Reversing course from an Obama-era EPA agreement to initiate a rulemaking to impose spill prevention, countermeasure and control (SPCC) requirements for hazardous substances, EPA announced on June 19th that it believes that existing regulations are adequate to meet its obligations under the Clean Water Act (CWA) and no new regulatory program is needed:
Based on the reported frequency and impacts of identified CWA [hazardous substance] HS discharges, and the Agency’s evaluation of the existing framework of EPA regulatory requirements relevant to preventing CWA HS discharges, EPA has determined that the existing framework of regulatory requirements serves to prevent CWA HS discharges.

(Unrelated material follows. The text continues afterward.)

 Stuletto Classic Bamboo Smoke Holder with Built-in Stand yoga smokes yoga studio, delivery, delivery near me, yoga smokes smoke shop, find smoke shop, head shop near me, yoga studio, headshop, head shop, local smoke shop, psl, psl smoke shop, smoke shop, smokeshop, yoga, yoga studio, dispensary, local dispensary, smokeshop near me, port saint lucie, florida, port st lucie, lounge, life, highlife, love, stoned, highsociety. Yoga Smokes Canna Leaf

Additionally, EPA identified relevant requirements in other Federal regulatory programs and determined that they further serve to prevent CWA HS discharges, providing additional support for this proposed action.
In an example of the “sue and settle” policy that the current Administration has sought to curtail, in February 2016, EPA agreed in a consent decree with environmental groups to initiate rulemaking to expand the SPCC program beyond oil to address other hazardous substances. The settlement established an aggressive schedule for EPA to issue regulations under CWA Section 311(j)(1) by mid- to late-2019.

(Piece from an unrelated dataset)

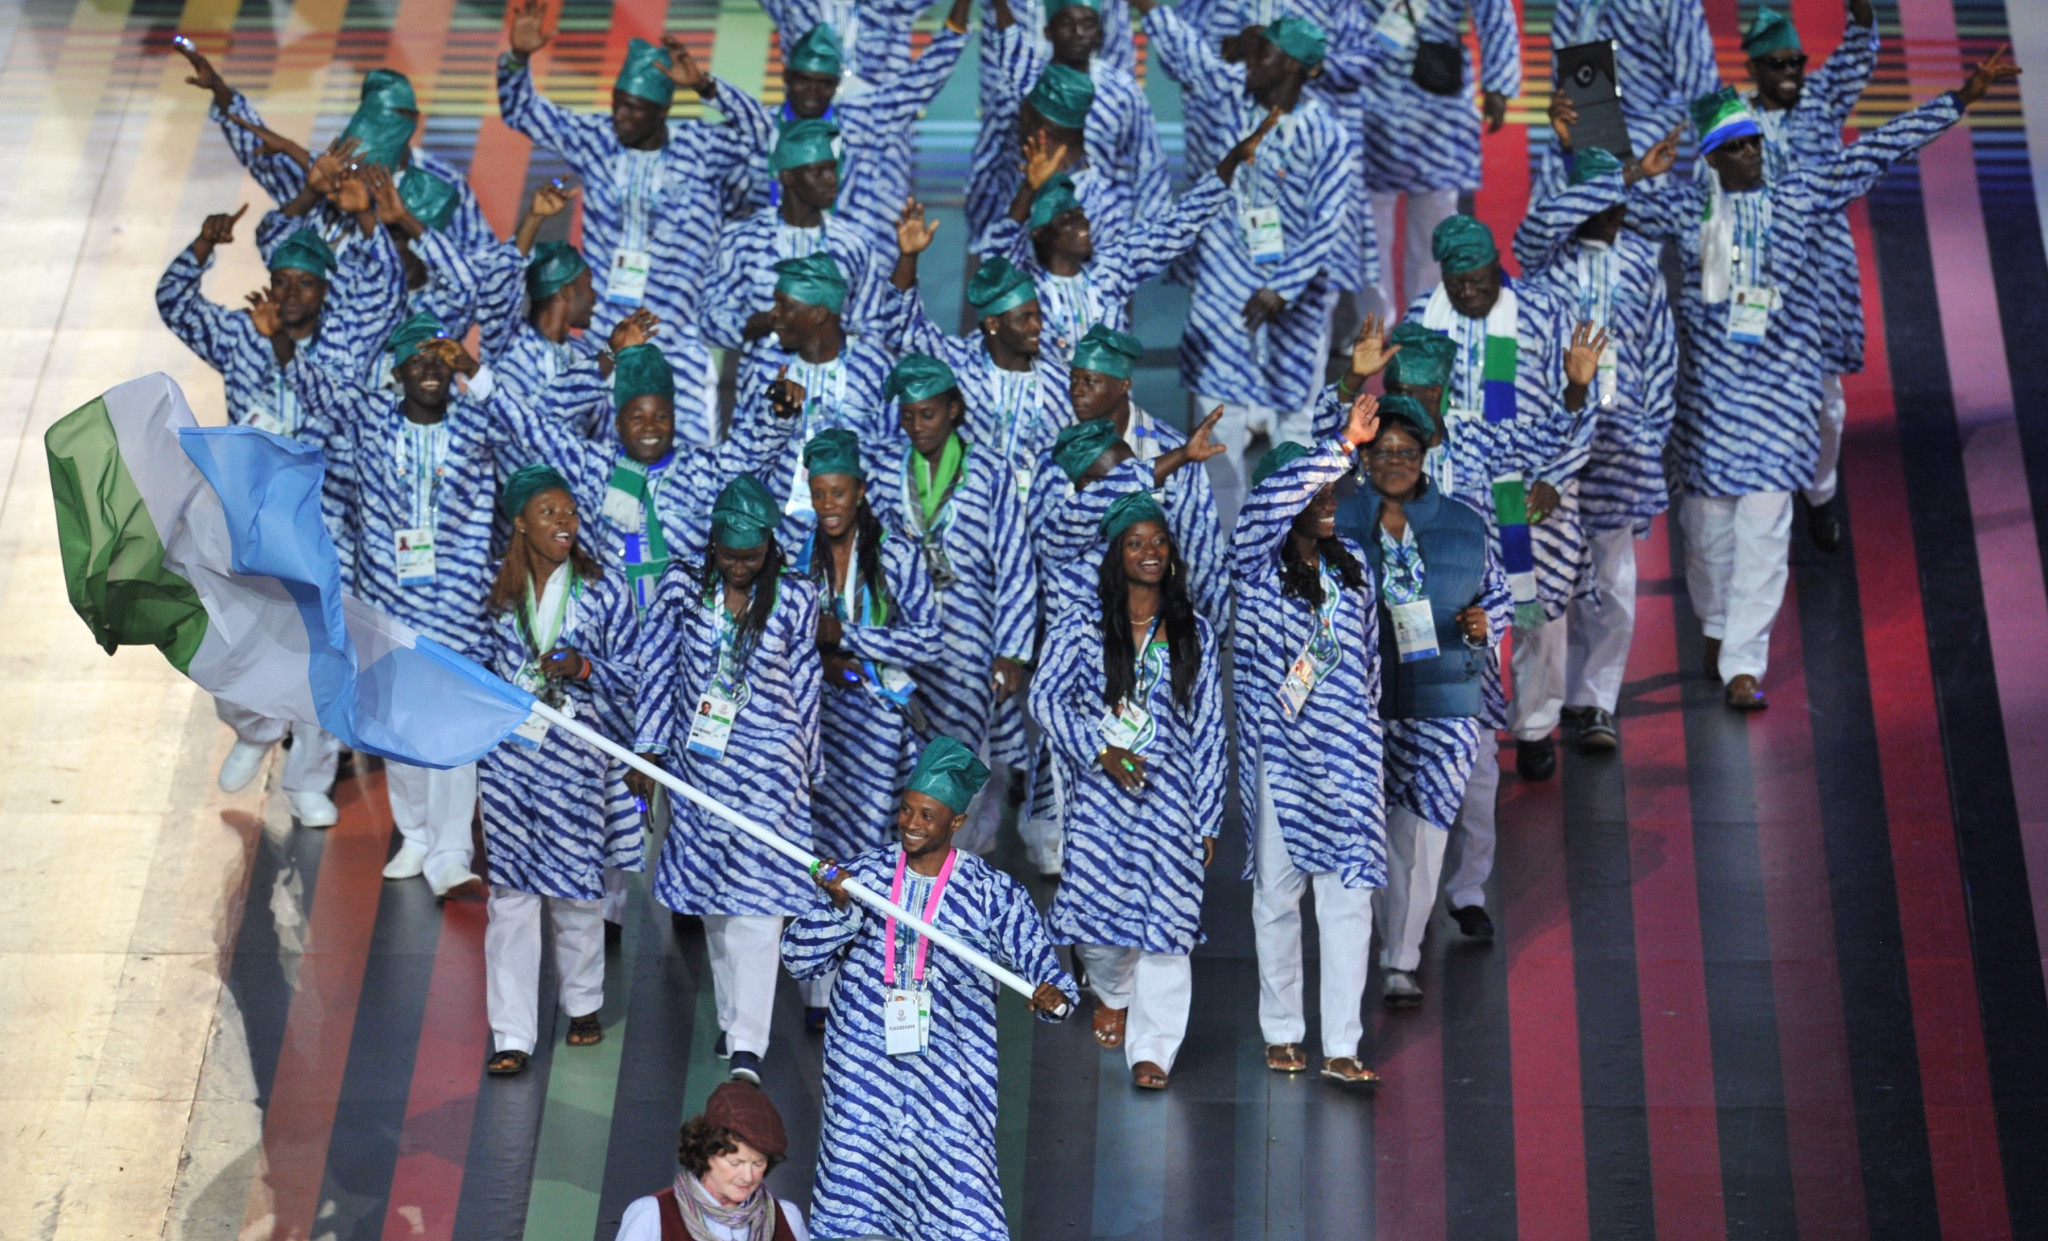 Sierra Leone's team at the Glasgow 2014 Commonwealth Games, during which a state of emergency was declared due to Ebola back home ©Getty Images

The CWA contemplated the development of “hazardous substance SPCC” regulations over 40 years ago. The operative provision of the Act requires that, “as soon as practicable after October 18, 1972, and from time to time thereafter, the President shall issue regulations consistent with maritime safety and with marine navigation laws . . . establishing procedures, methods, and equipment to prevent discharges of oil and hazardous substances from vessels and from onshore facilities and offshore facilities, and to contain such discharges . . . .” While EPA did promulgate SPCC regulations addressing the storage of oil and petroleum products such as gasoline and diesel fuel, the Agency proposed (in 1978), but never finalized regulations applicable to the storage of hazardous substances.

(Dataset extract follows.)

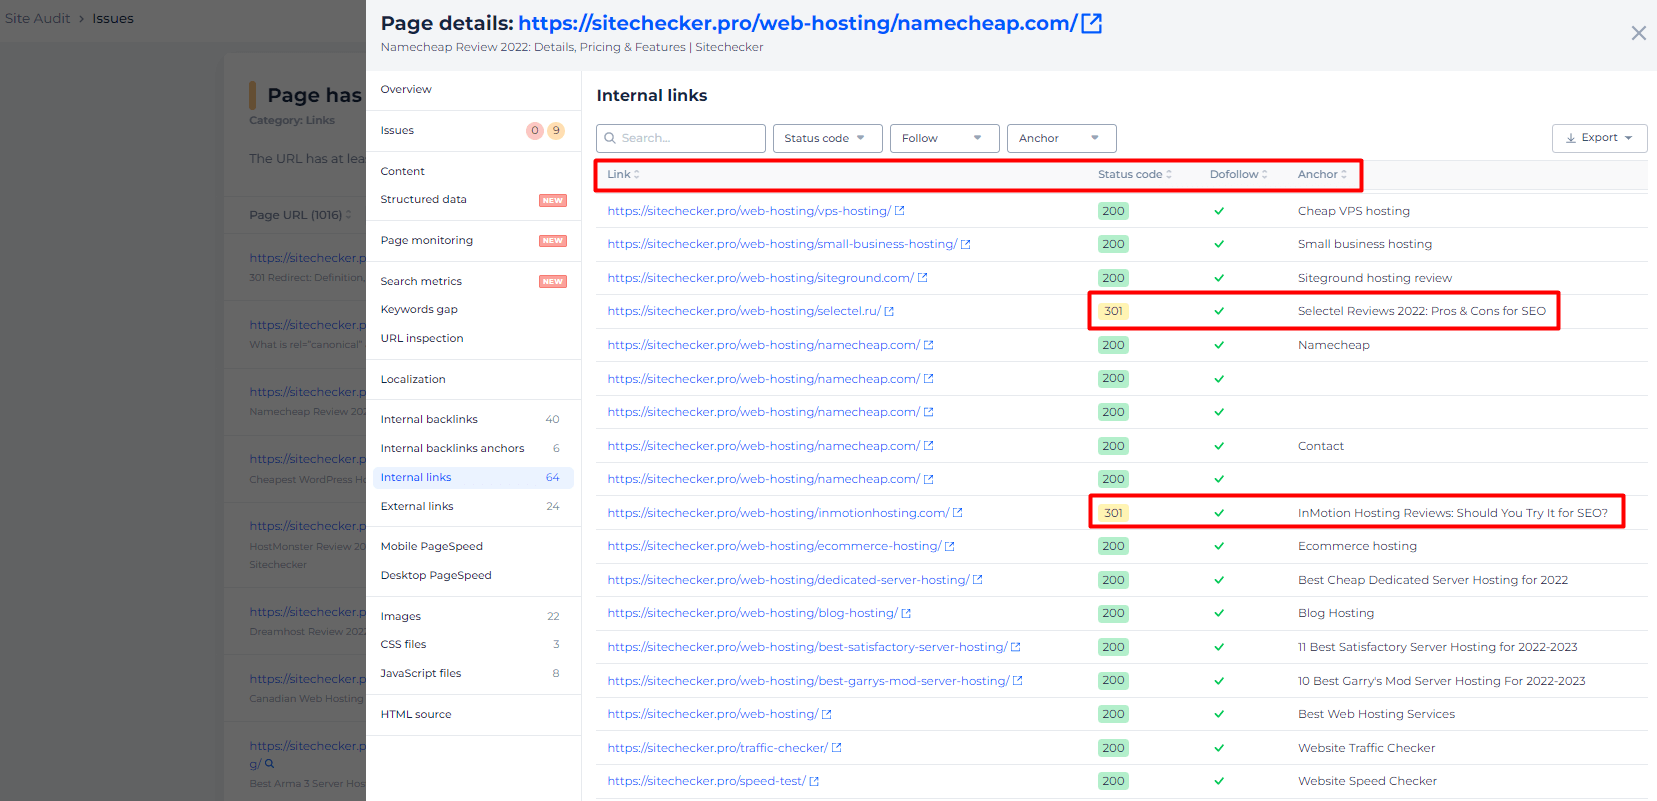 Redirected Links on Page

The SPCC regulations for oil and petroleum products apply to facilities that have the capacity to store more than 1,320 gallons of oil above ground (or 42,000 gallons in underground tanks). They require the development of SPCC plans that include a description of containment, drainage control, and diversionary structures; proper liquid storage areas, container materials, and secondary containment; drainage for raw material storage areas; control for other site features that could produce runoff; secondary containment and treatment processes for truck and railcar liquid loading and unloading areas; and equipment that prevents discharges for in-plant transfer, processing, and materials handling areas. SPCC plans also must address preventative maintenance, facility security, and training. Plans must be reviewed and certified to by a registered professional engineer, and updated every five years, or more frequently, if material changes are made to the facility or its oil storage capacity.
In suing EPA over the failure to adopt a version of SPCC for hazardous substances, environmental groups cited a series of chemical spill incidents that gained widespread media exposure over the last decade. The groups’ alleged that not only are onshore hazardous-substance storage facilities “subject to neither state nor federal regulation,” there are also “thousands of self-reported hazardous-substance spills from onshore facilities each year,” hundreds of which reach waters subject to CWA jurisdiction. In addition, the complaint asserted that “hazardous-substance spills from non-transportation-related onshore facilities pose a disproportionate threat to low-income communities and communities of color.”
Environmental groups already are condemning the proposed decision not to proceed with a rulemaking, and litigation is highly likely to follow if the proposal is finalized.
A 60-day comment period will commence as soon as the proposal is formally published in the Federal Register.